Task requirements – Apart from the pictures, print the data below exactly as given.

Supplied information –
╭──

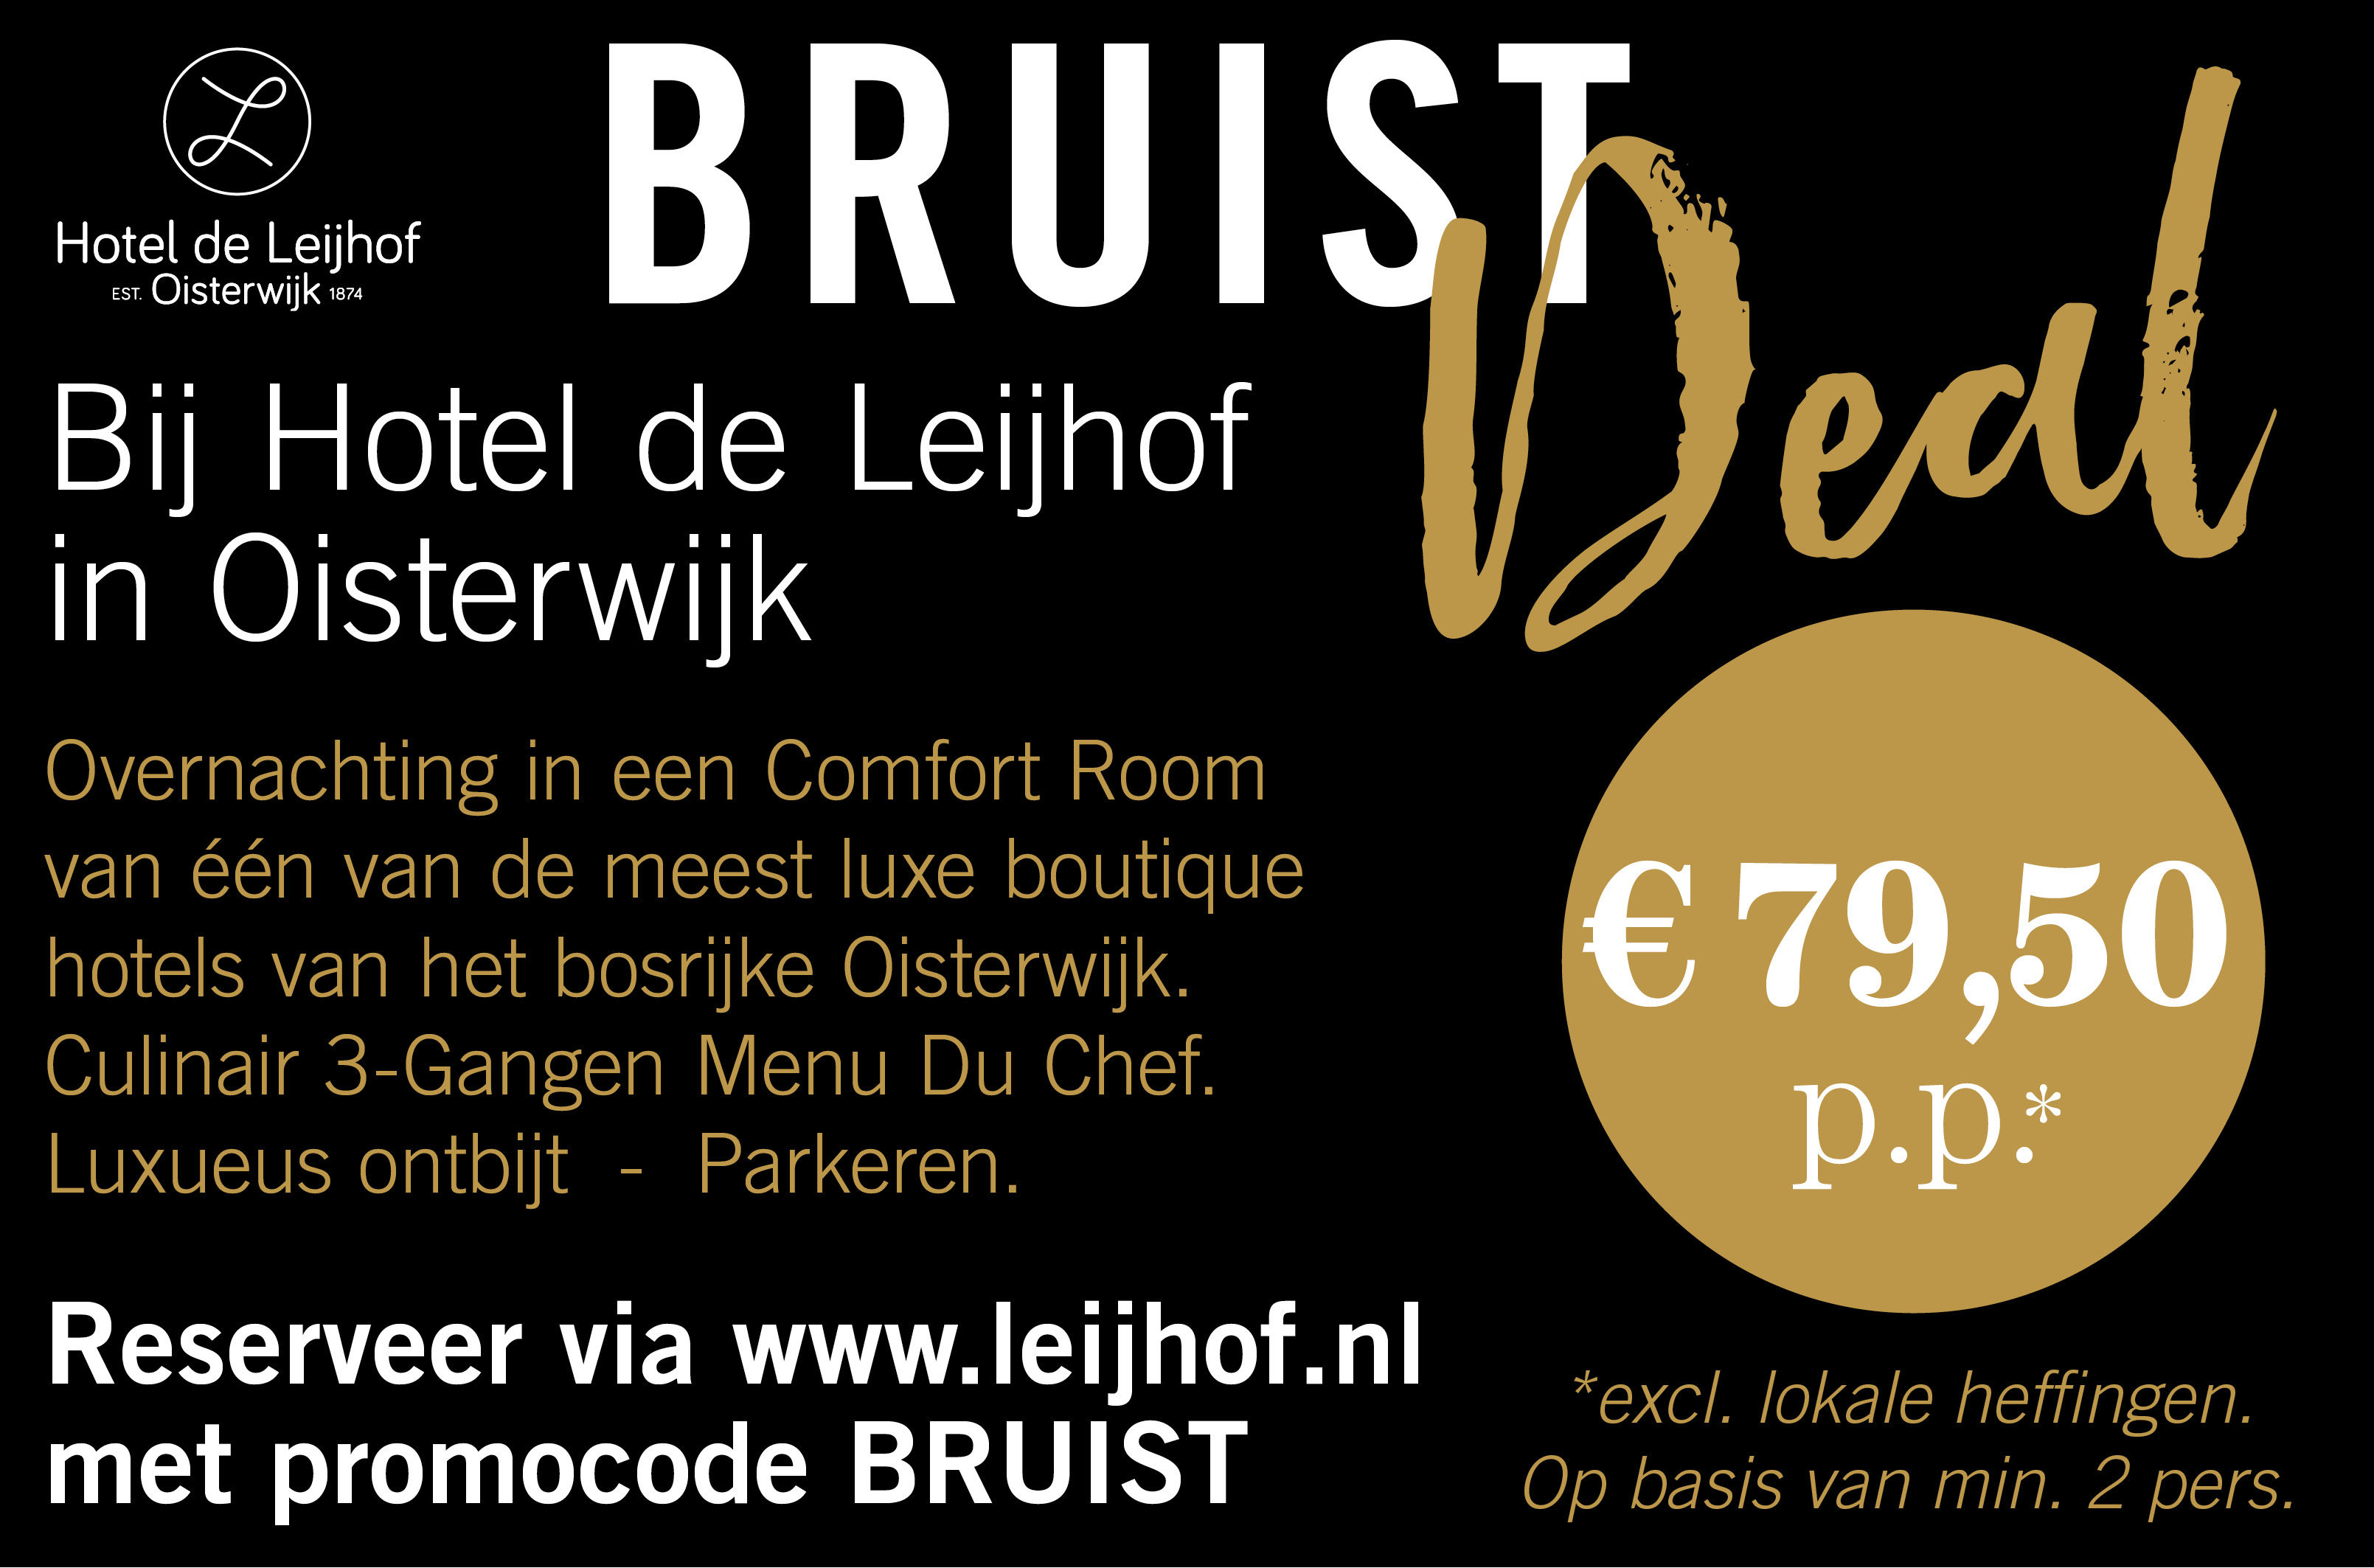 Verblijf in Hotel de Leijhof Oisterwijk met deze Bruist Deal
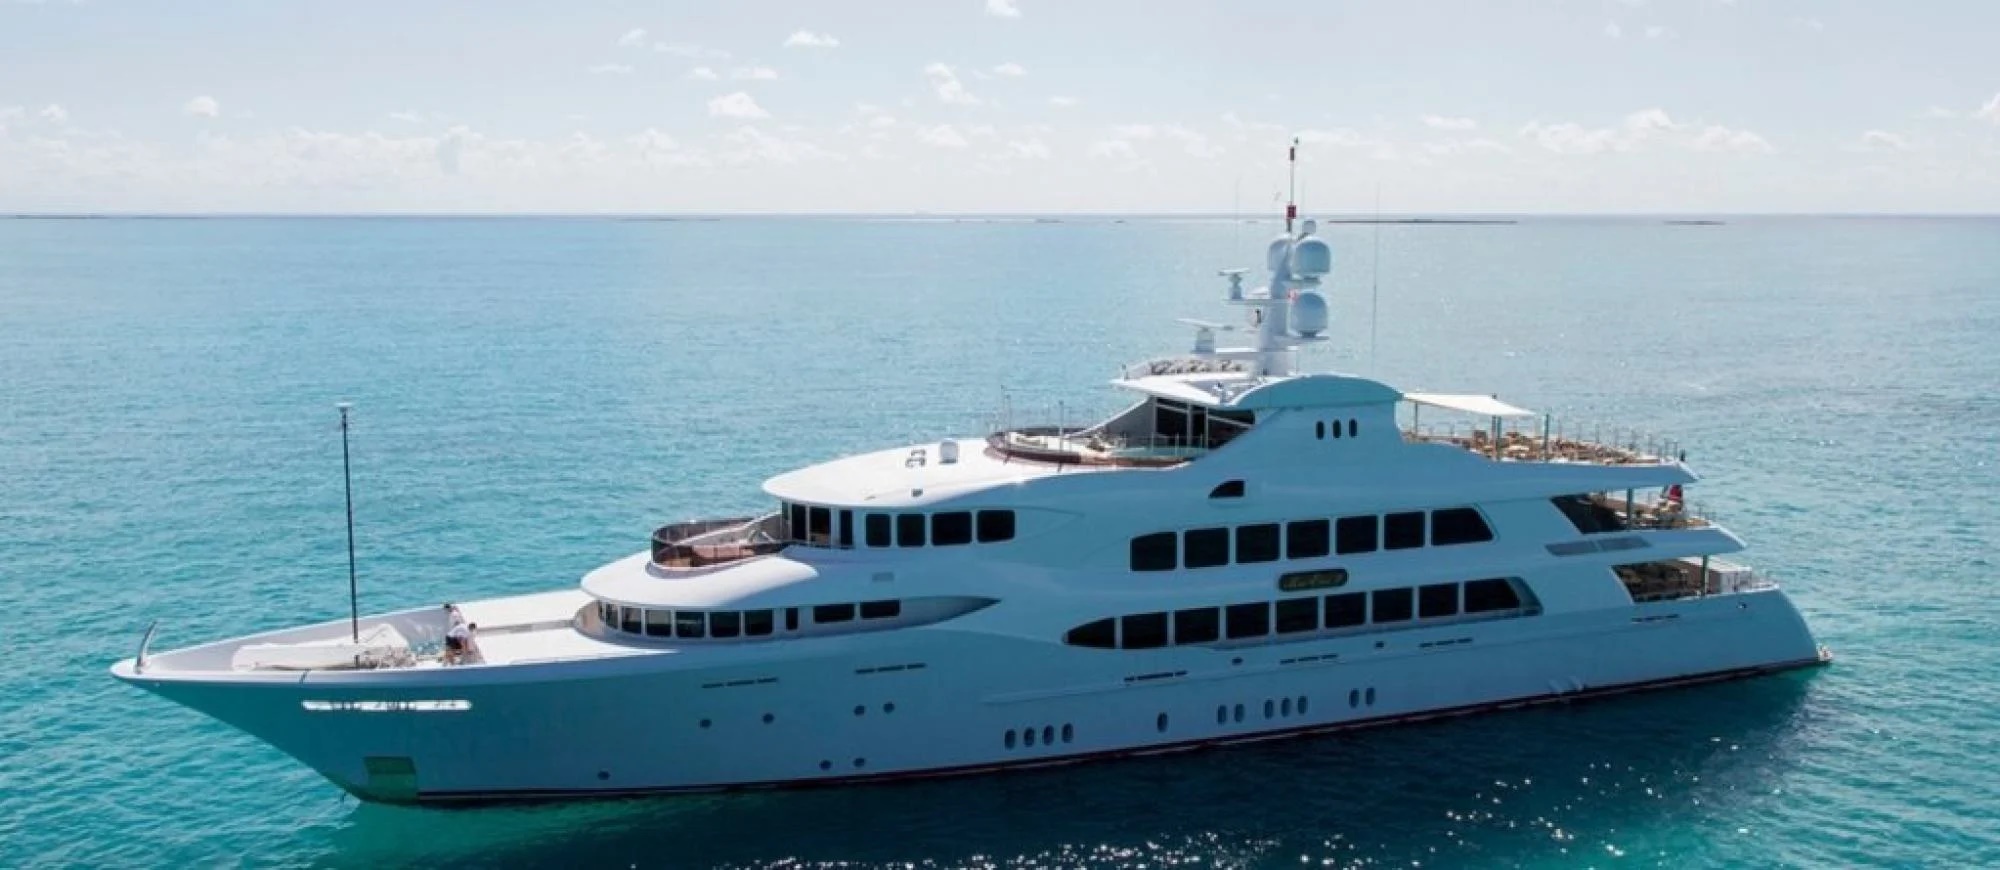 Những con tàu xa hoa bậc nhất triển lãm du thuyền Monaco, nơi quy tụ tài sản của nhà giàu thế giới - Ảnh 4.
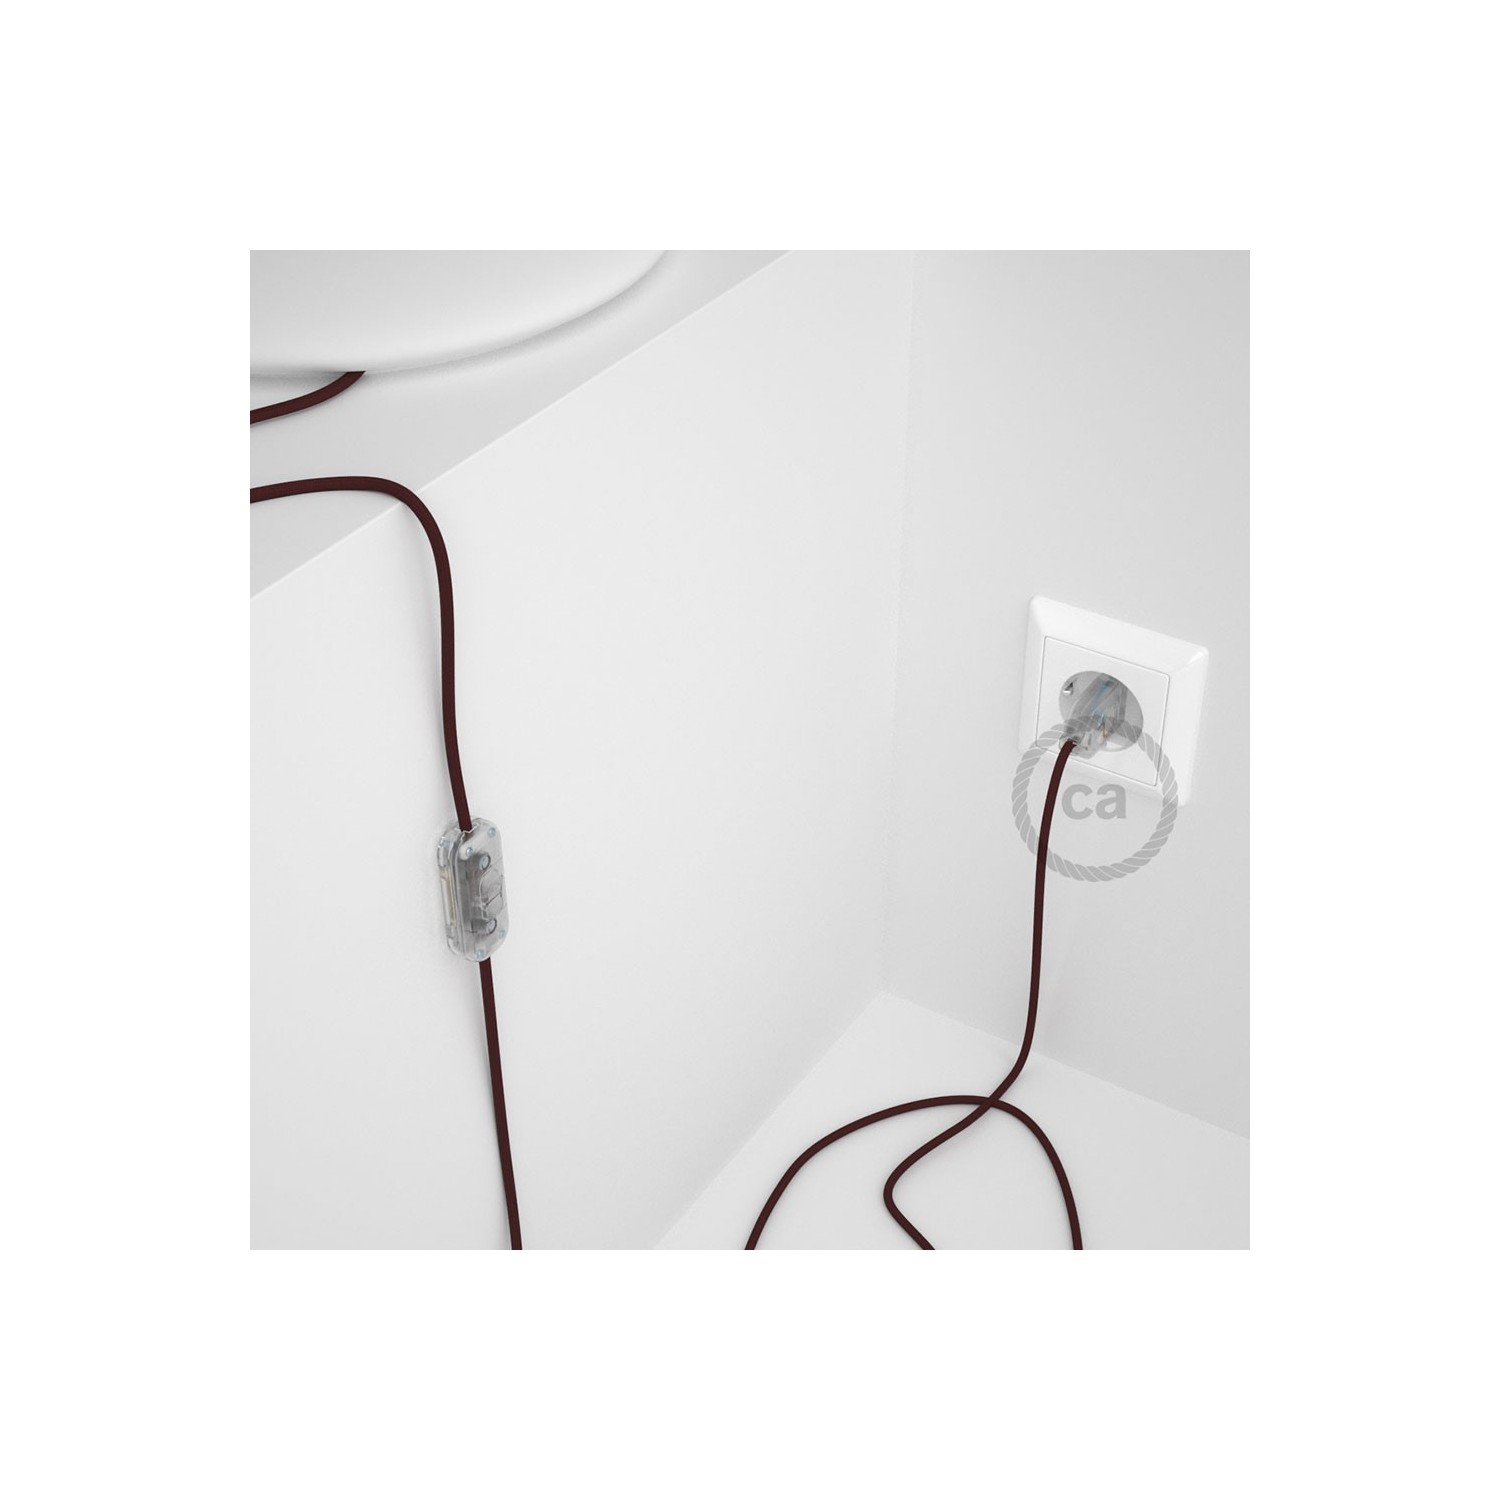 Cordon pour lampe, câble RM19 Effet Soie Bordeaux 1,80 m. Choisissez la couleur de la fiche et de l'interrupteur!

╰──

Your response –
 Verblijf in Hotel de Leijhof Oisterwijk met deze Bruist Deal
 Những con tàu xa hoa bậc nhất triển lãm du thuyền Monaco, nơi quy tụ tài sản của nhà giàu thế giới - Ảnh 4.
 Cordon pour lampe, câble RM19 Effet Soie Bordeaux 1,80 m. Choisissez la couleur de la fiche et de l'interrupteur!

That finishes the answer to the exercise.